START Data provided

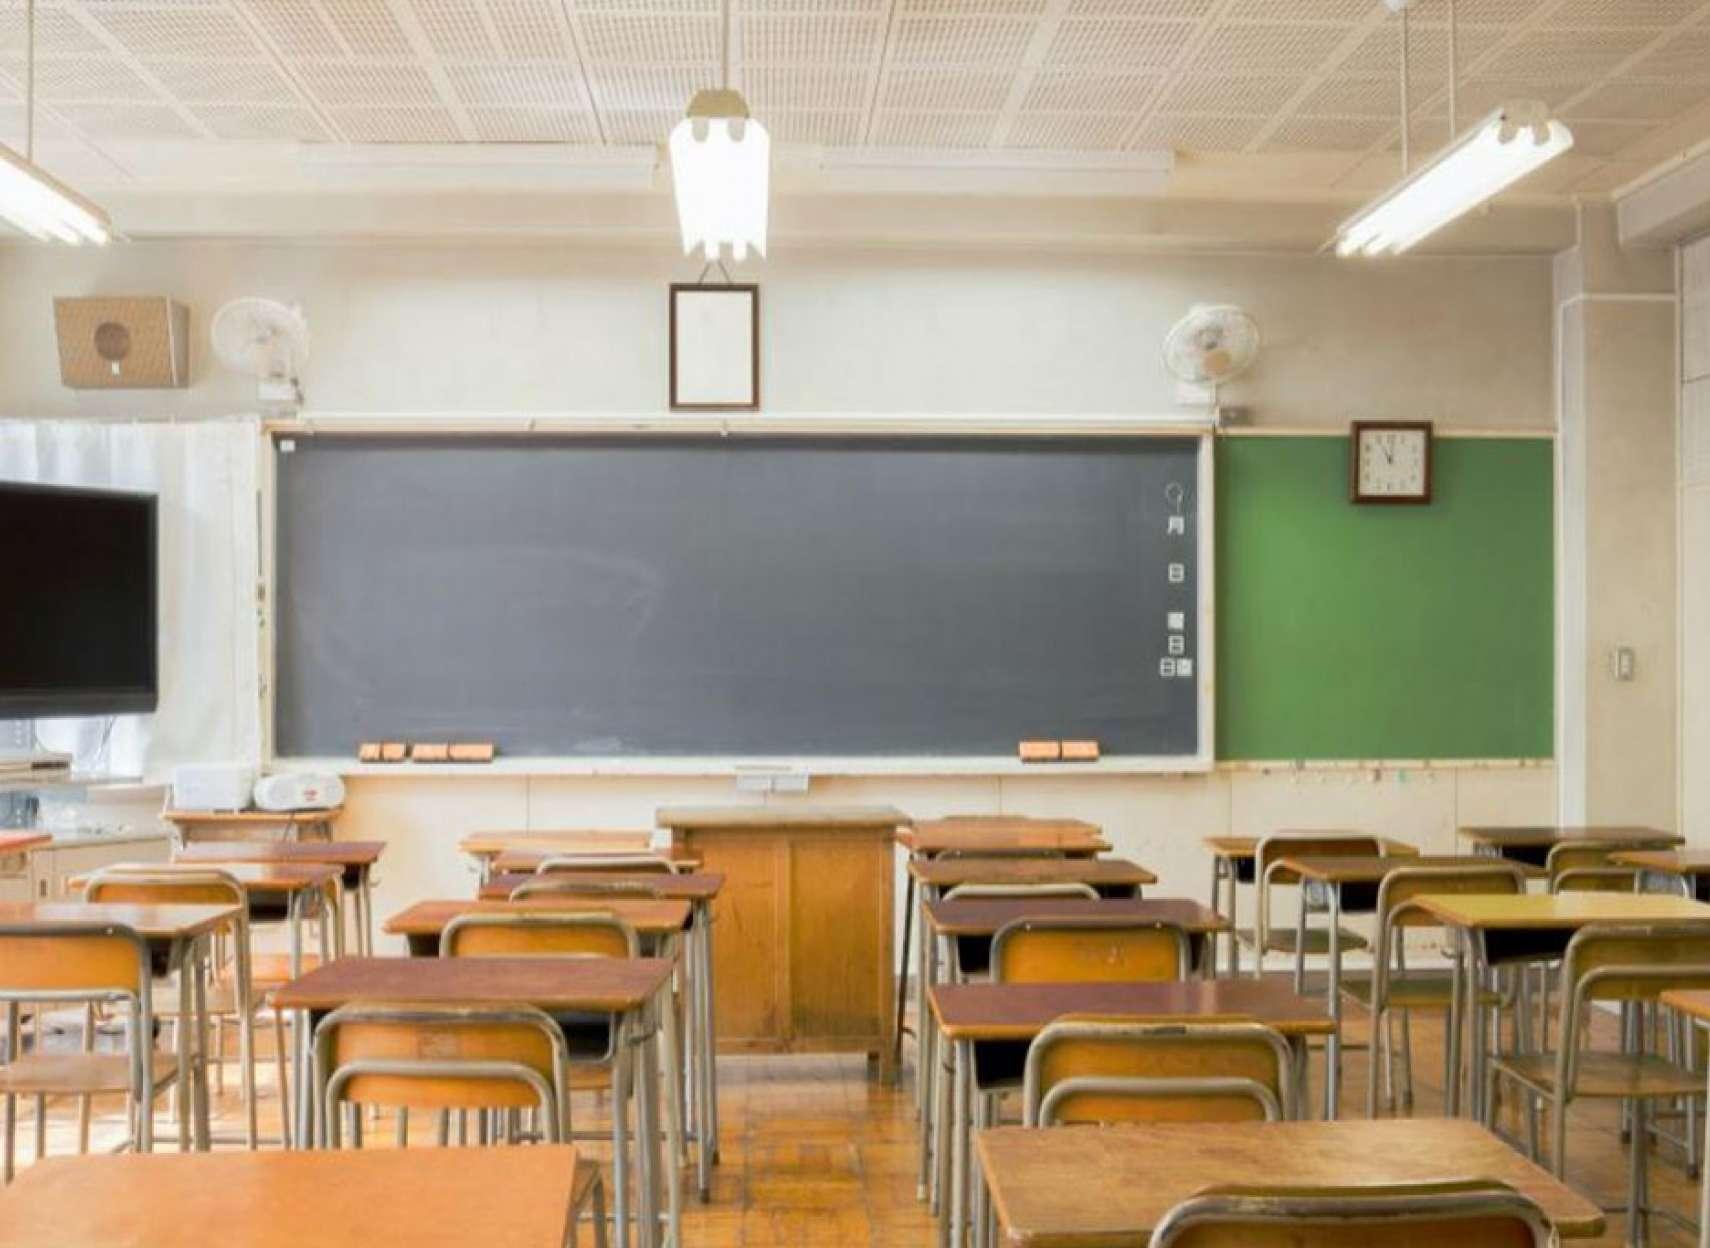 اخبار-تورنتو-مدارس-انتاریو-2-هفته-تعطیل-شدند
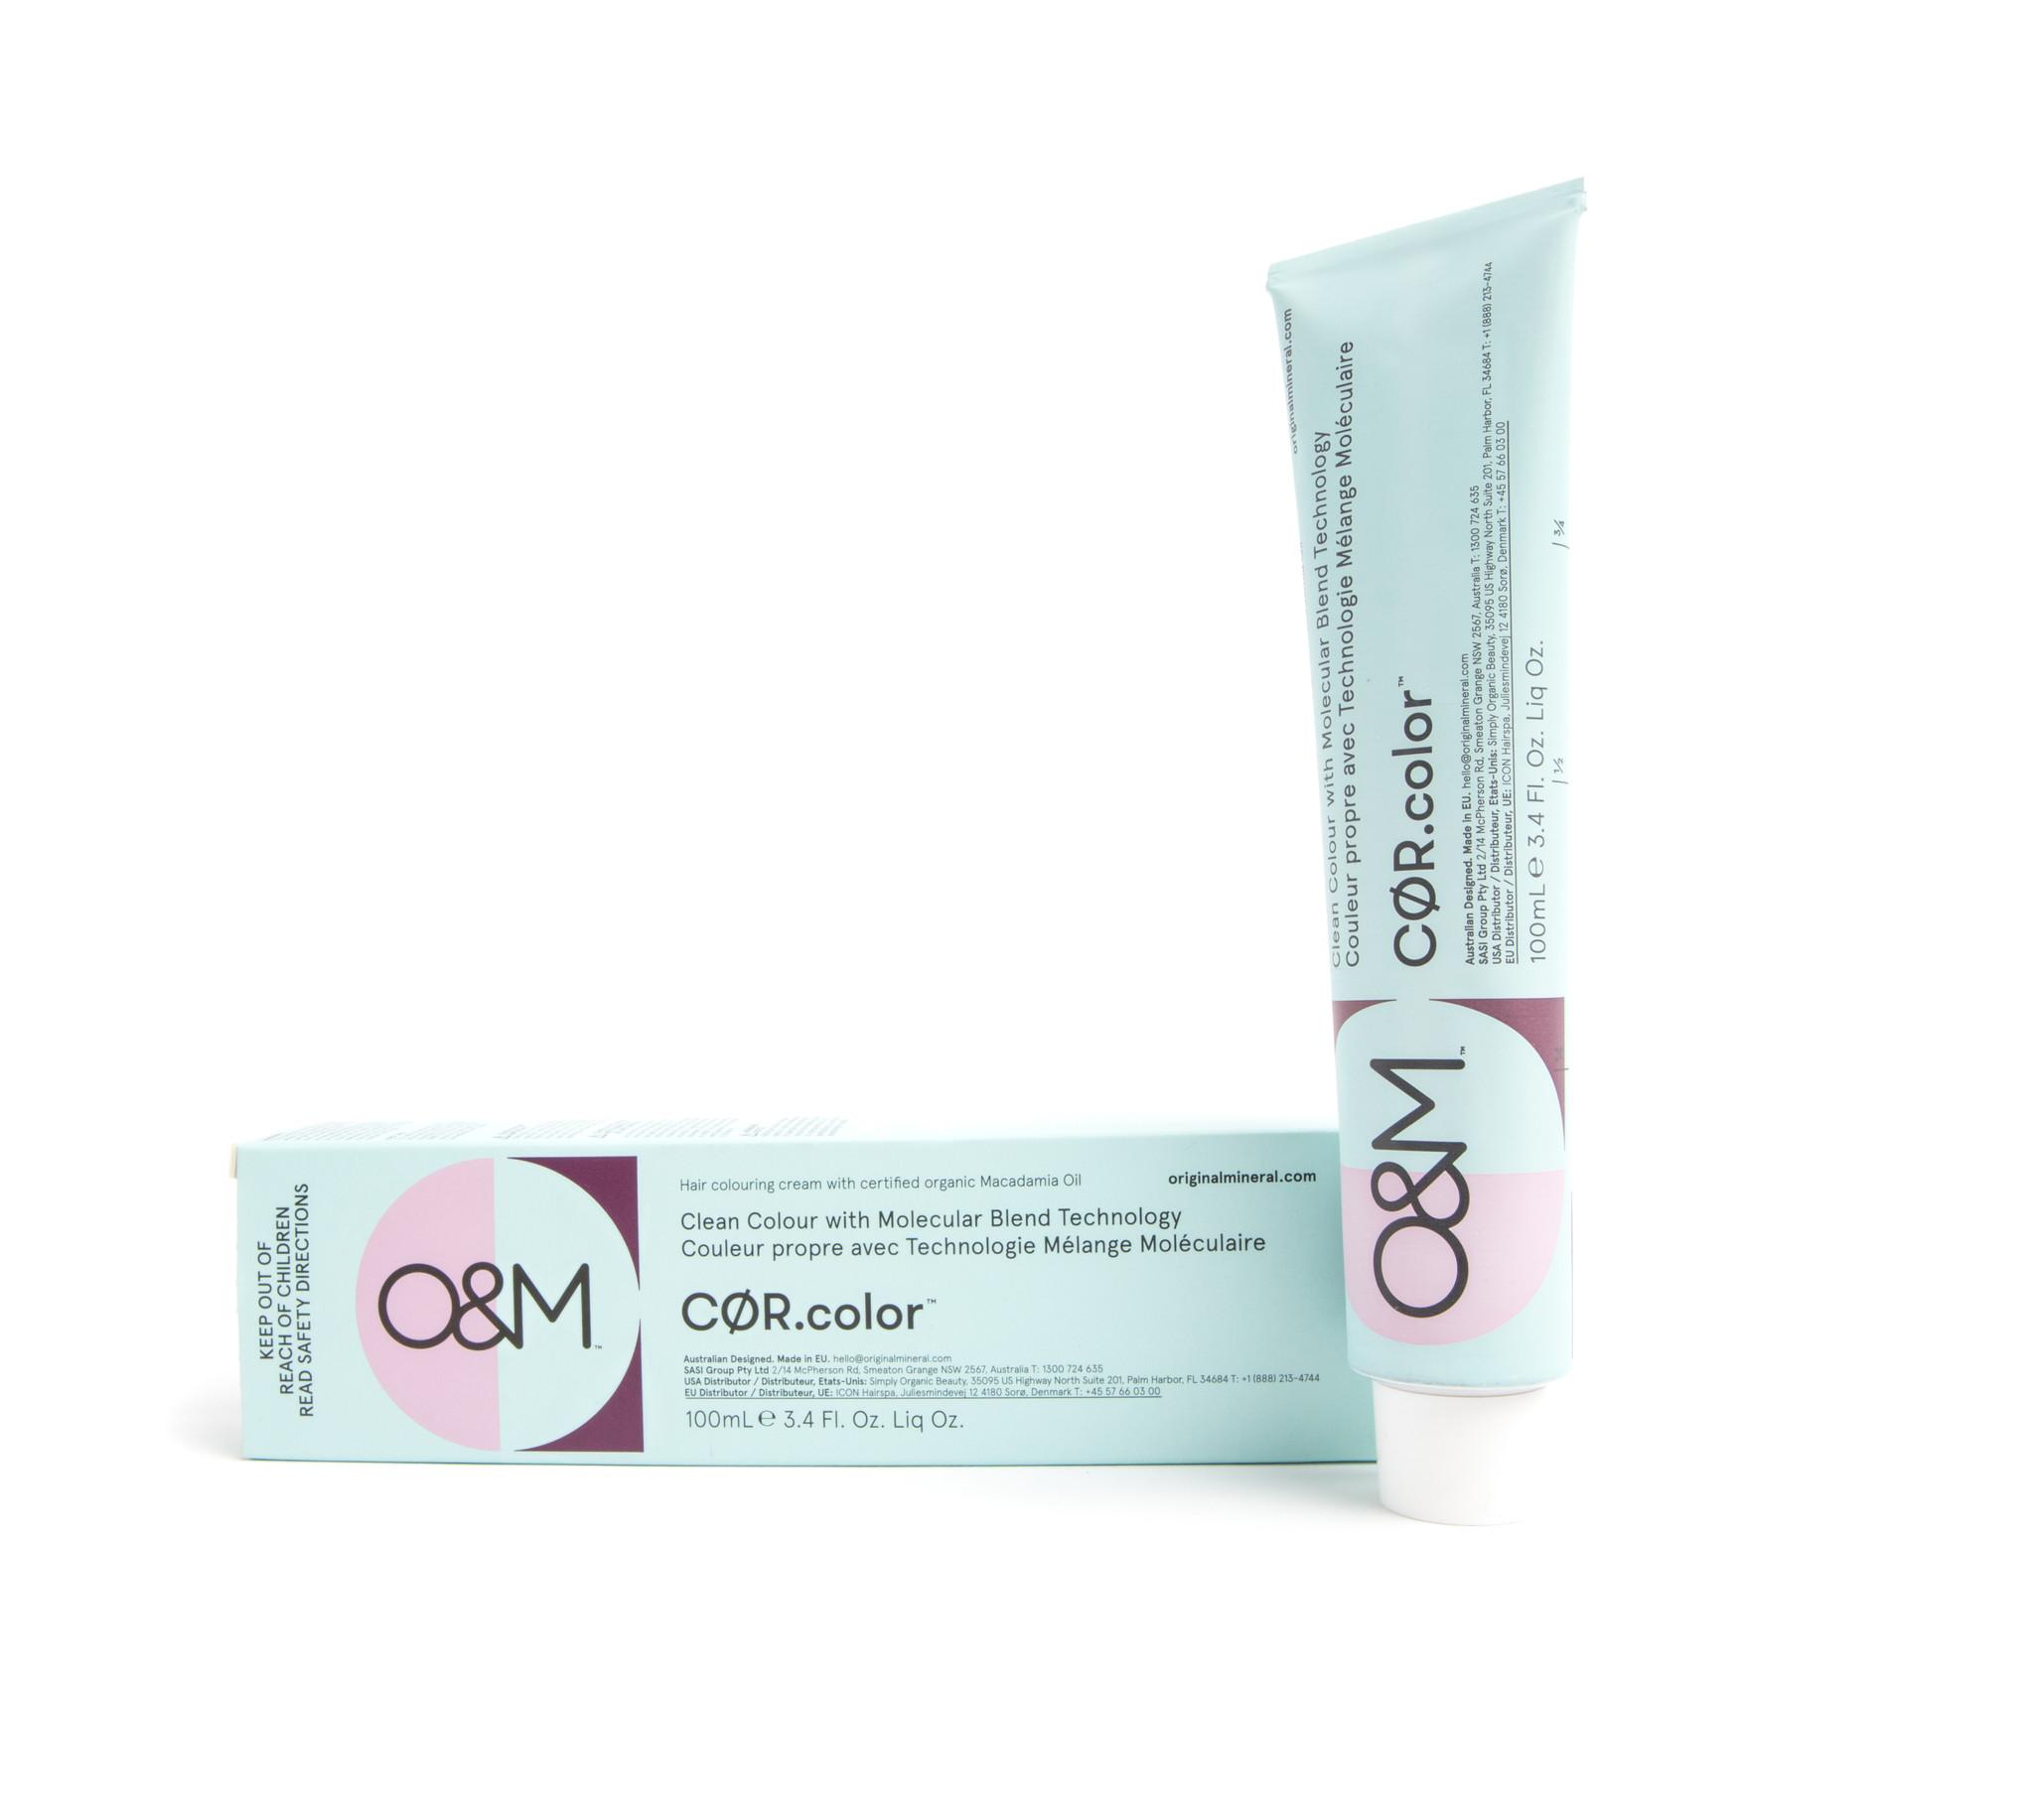 O&M - Original Mineral O&M CØR.color Ash 0.11 - 100g
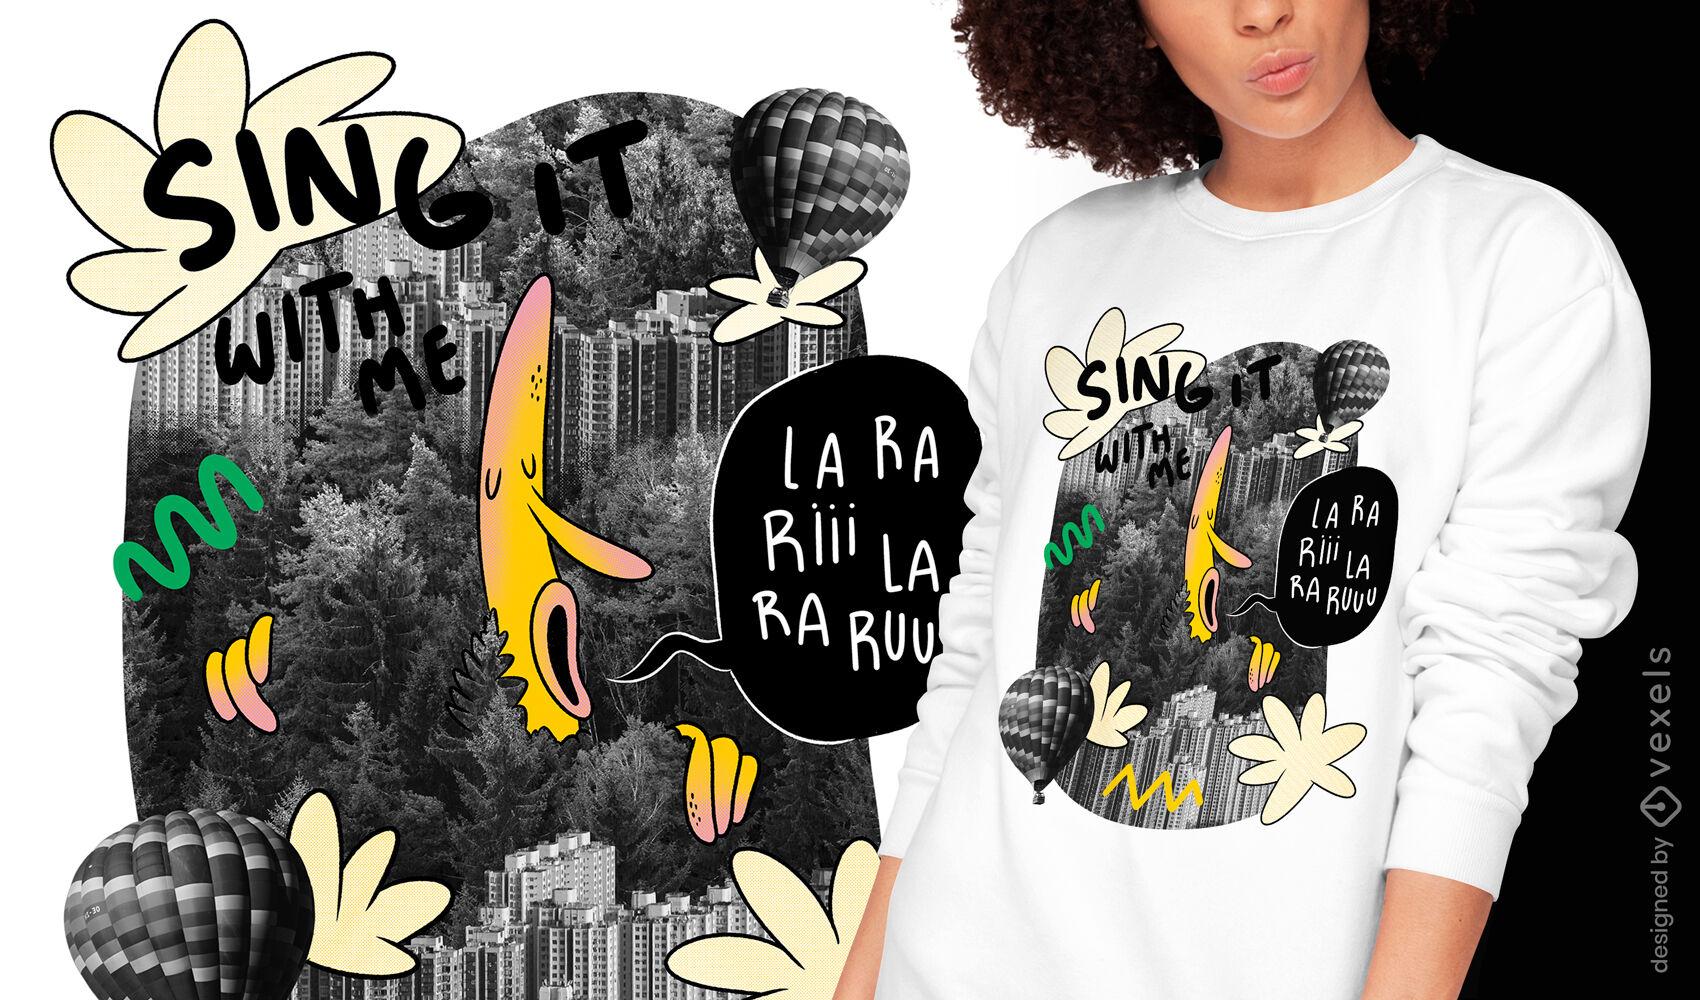 Design de camiseta gigante cantando

END Data provided

What the task asks | Give the material above again exactly as it stands, minus any images.

Expected output |
 اخبار-تورنتو-مدارس-انتاریو-2-هفته-تعطیل-شدند
 O&M - Original Mineral O&M CØR.color Ash 0.11 - 100g
 Design de camiseta gigante cantando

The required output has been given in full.